Other pg_dump formats (custom/binary/directory) are not supported.

Row filtering (retain/delete)

You can retain or delete rows for specific tables using explicit predicate lists. Semantics:

• If retain is non-empty, a row is kept only if it matches at least one of its predicates.
• Regardless of retain, a row is dropped if it matches any predicate in delete.

Predicates support these operators on a column:

• eq, neq (string compare; case-insensitive if case_insensitive = true)
• in, not_in (list of values, string compare)
• like, ilike (SQL-like: % and _)
• regex, iregex (Rust regex; iregex is case-insensitive)
• lt, lte, gt, gte (numeric compare; values parsed as numbers)
• is_null, not_null (no value needed)

Example:

[row_filters."public.users"]
retain = [
  { column = "country", op = "eq",  value = "US" },
  { column = "email",   op = "ilike", value = "%@myco.com" }
]
delete = [
  { column = "is_admin", op = "eq", value = "true" },
  { column = "email",    op = "ilike", value = "%@example.com" }
]

Row filtering works for both INSERT ... VALUES (...) and COPY ... FROM stdin rows.

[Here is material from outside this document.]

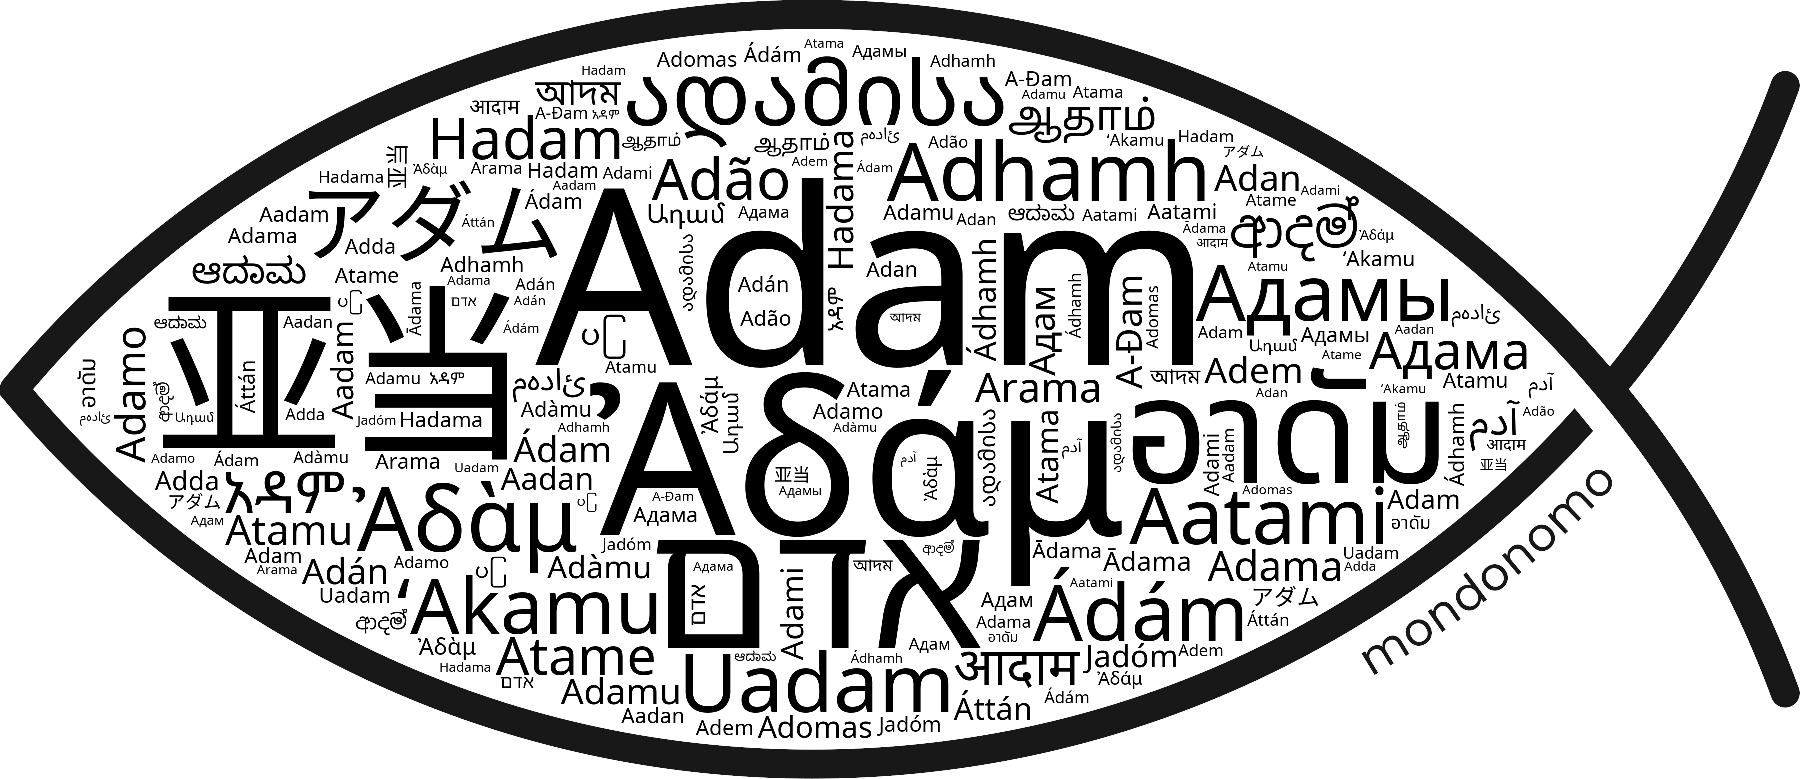 Name Adam in the world's Bibles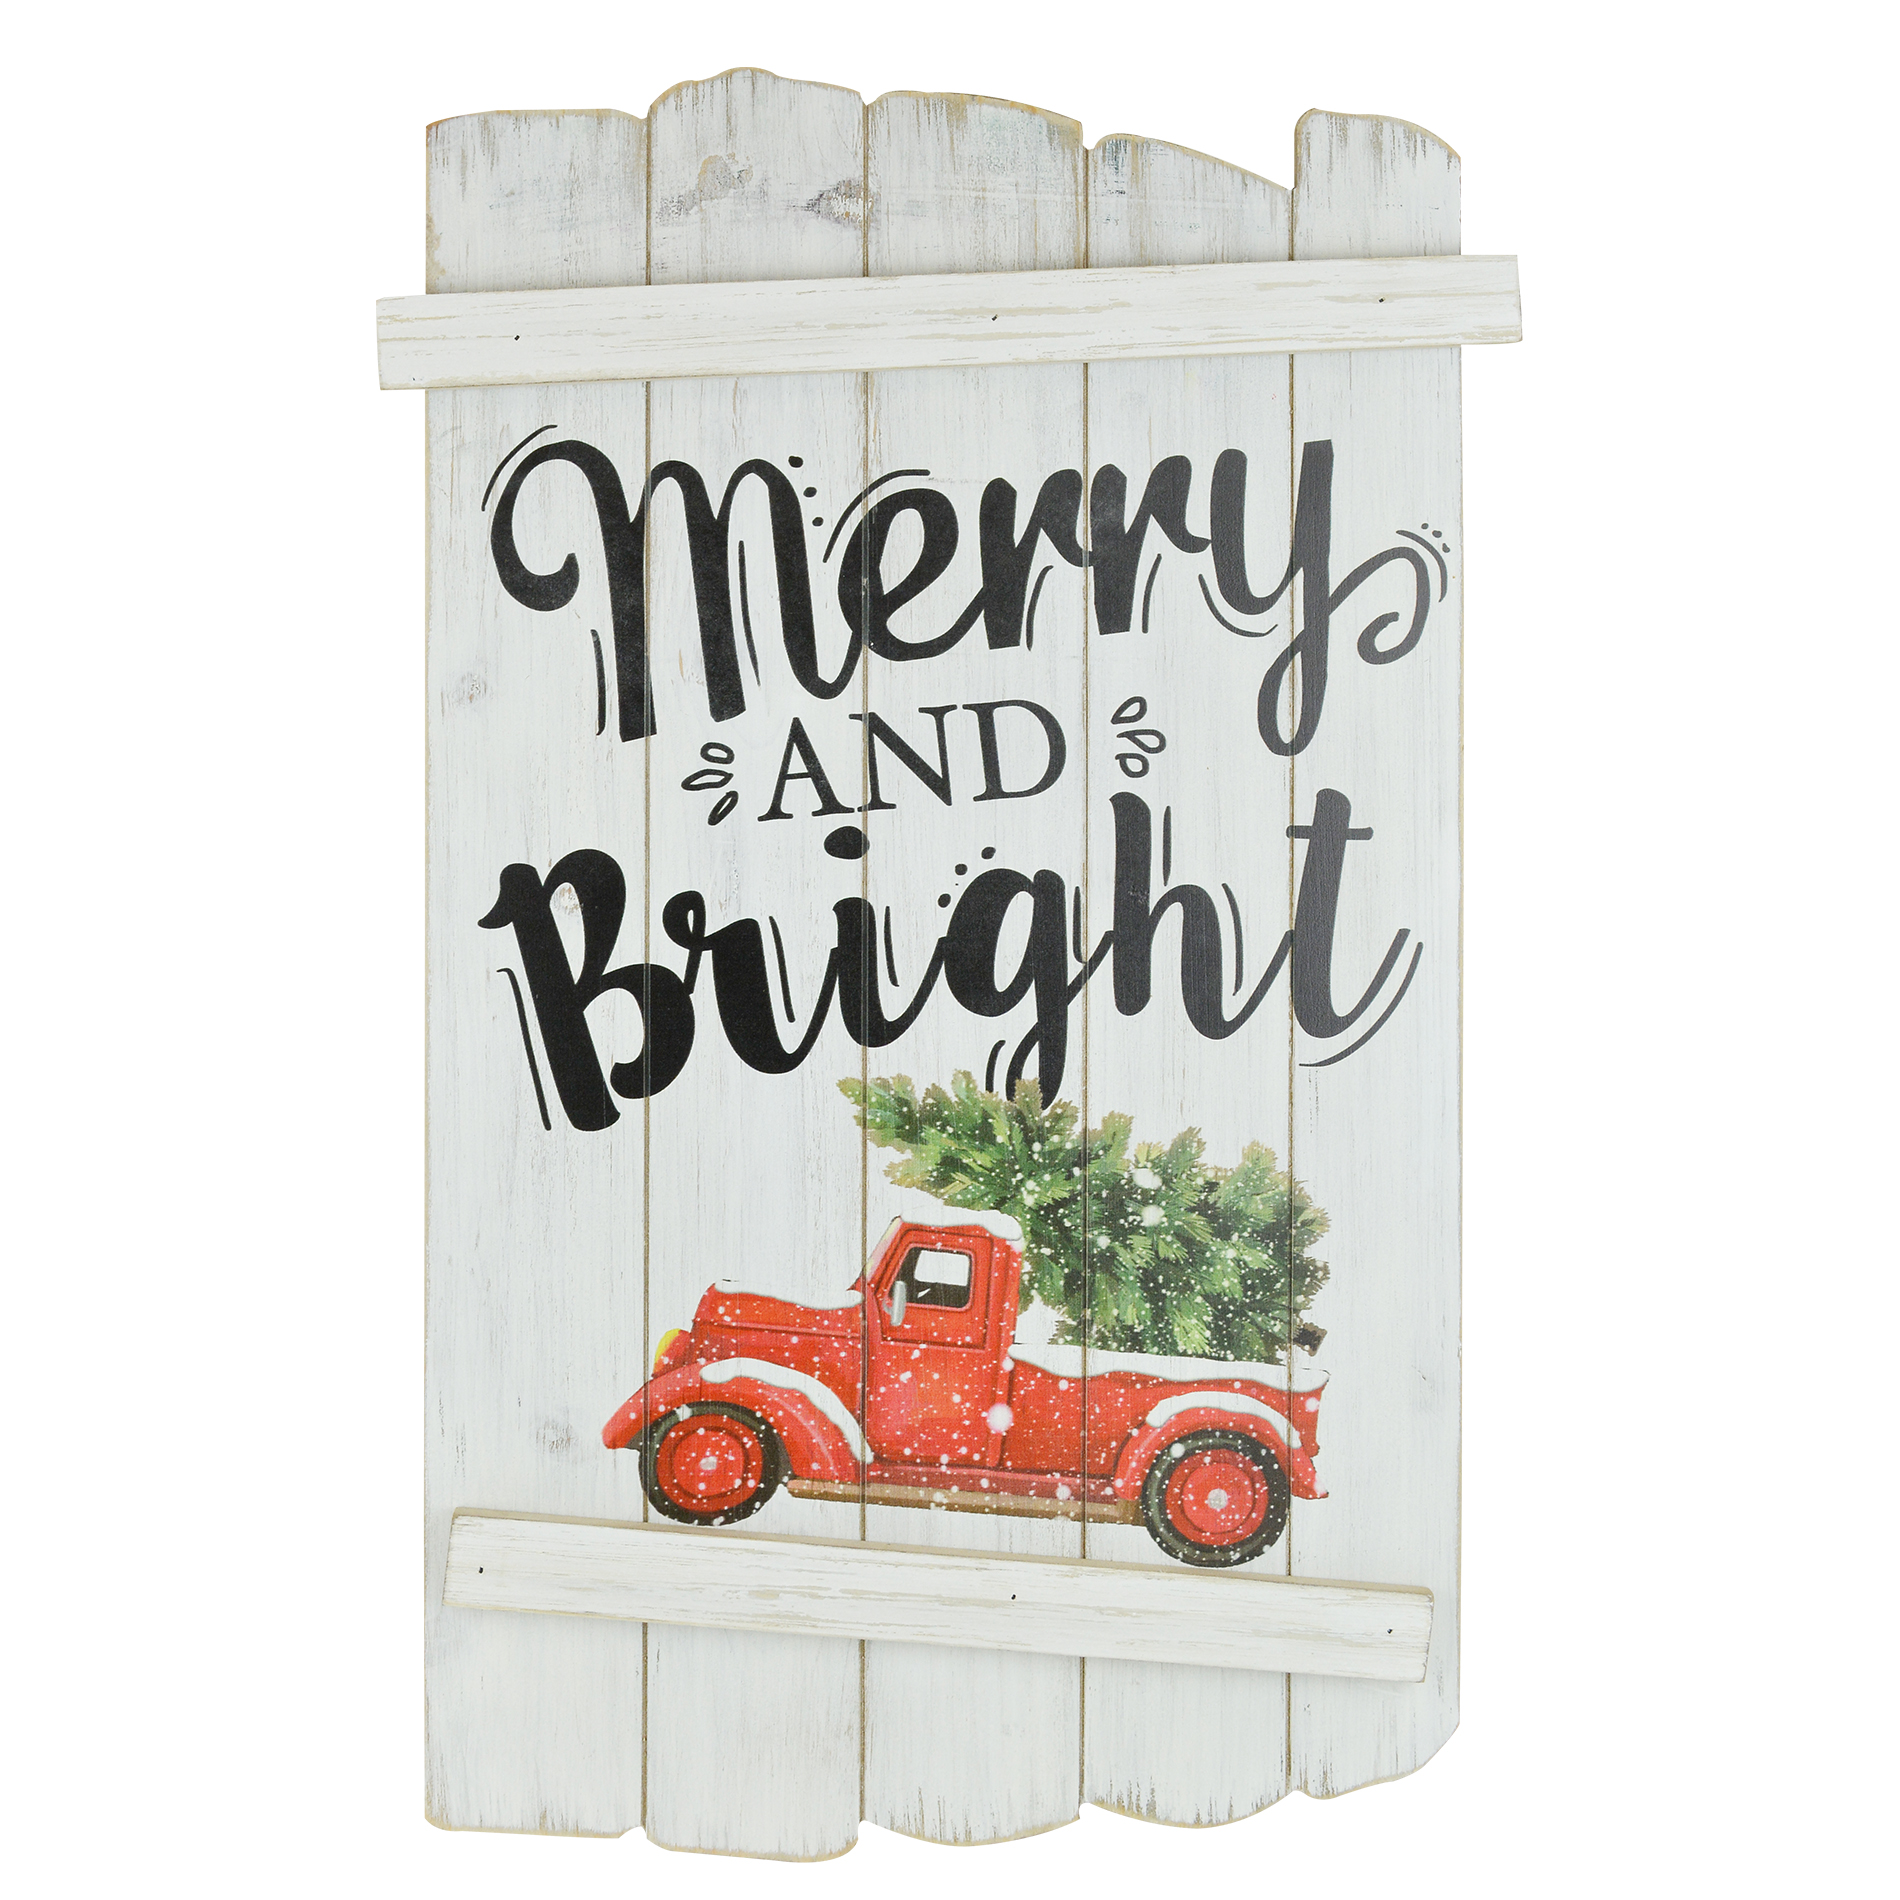 Merry and Bright Wall Plaque

Conditional per-column cases (first-match-wins)

Define default strategies in rules."<table>" and add ordered per-column cases in column_cases."<table>"."<column>". For each row, for each column, Dumpling applies the first matching case; if none match, it uses the default from rules.

Example:

[rules."public.users"]
email = { strategy = "hash", as_string = true }   # default
name  = { strategy = "name" }

[[column_cases."public.users".email]]
when.any = [{ column = "is_admin", op = "eq", value = "true" }]
strategy = { strategy = "redact", as_string = true }

[[column_cases."public.users".email]]
when.any = [{ column = "country", op = "in", values = ["DE","FR","GB"] }]
strategy = { strategy = "hash", salt = "eu-salt", as_string = true }

Notes:

• when.any is OR, when.all is AND; you can use either or both. If both are empty, the case matches unconditionally.
• First-match-wins per column; there is no merge/replace or fallthrough flag.
• Row filtering (row_filters) is evaluated before cases; deleted rows are not transformed.

Notes

• This is a streaming transformer; memory usage stays small even for big dumps.
• For best results, configure strategies compatible with column data types. If you hash an integer column, Dumpling will render a string which Postgres can usually coerce, but explicit as_string = false may help in some cases.
• If you switch runtimes/branches frequently and see test DB migration issues in your project, remember you can run tests with pytest --create-db (project convention).
• Deterministic anonymization for tests: pass --seed <u64> or set env DUMPLING_SEED to make fuzz strategies reproducible across runs.